As for the preprocessors, they can be applied to the evaluated notebook.

jlstevens commented 2 years ago

If I remember right, there is also some preamble python code to execute first (e.g. to run imports without displaying them). The same effect can be achieved by adding a fixed cell to all notebooks and slicing it out after.

maximlt commented 2 years ago

Contributors have the possibility to push directly evaluated notebooks to the evaluated branch if their notebook(s) require datasets so large that they would take too long to download during the build, or there wouldn't be just enough storage on the CI system to save them. This is well described in this section of the documentation.

There's currently no way for a project to declare that it has notebooks that should not be evaluated in the build process. There are two website building options offered to the contributors:

These two options are described in the documentation. In practice orphans doesn't appear to be used at all, skip is used once in iex_trading:

https://github.com/pyviz-topics/examples/blob/10772f10bc5e8dfd7c3bd8a894d372135176b39a/iex_trading/anaconda-project.yml#L14-L15

(1) I'd suggest adding a new option called skip_evaluation_project_build (naming suggestions welcome!) that would list the notebooks that should not be evaluated part of the project build. I specifically target the project build as the repo has a GH Action that runs the project tests on project changes, that apparently uses smaller datasets stored in the test_data folder instead of the full datasets. This is also described in the documentation.

(2) I'd also suggest that the evaluated notebooks should be pushed by contributors in their PR branch vs. directly to the evaluated branch as explained in the documentation.

Enforcing (1) and (2) would make it a lot easier to update a notebook whose evaluation should be skipped. Currently the notebook has either to be re-executed locally, or changed (e.g. typo) and then committed to evaluated. With (1) and (2), if an already-evaluated notebook is modified by a contributor, during a project build it would simply be copied as is to the evaluated branch.

maximlt commented 2 years ago

Another suggestion that came to me while having a look at all the anaconda projects, it's difficult to differentiate between the keys that are for anaconda-project itself and those that are used to build examples. I would rather have them all nested in a single key, e.g. examples_info or examples_config.
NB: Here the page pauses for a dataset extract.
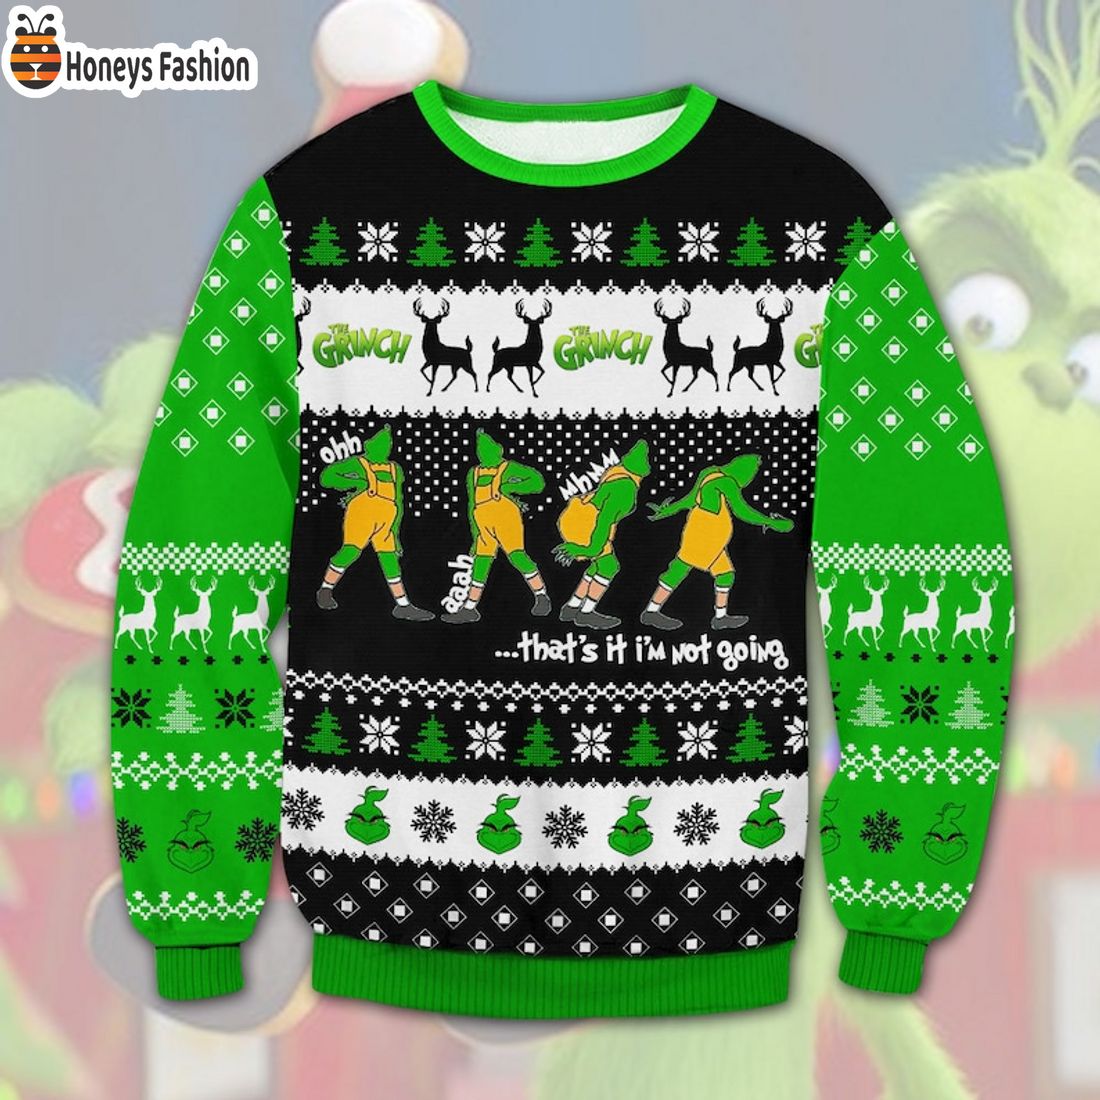 PRODUCT The Grinch That’s It I’m Not Going Christmas Ugly Sweater

I assume user_fields would still have to be set at the root level, even if it's not 100% clear to me how it's used and by which tool.

maximlt commented 2 years ago

I've gathered information about the data source of each project, to try to get a better picture of how that works and identify the notebooks whose evaluation should be skipped in the project build process.

The data source column contains:

has small test data indicates whether the project has an accompanying folder in test_data/. note is just additional information that I thought was worth recording, like the absence of lock files.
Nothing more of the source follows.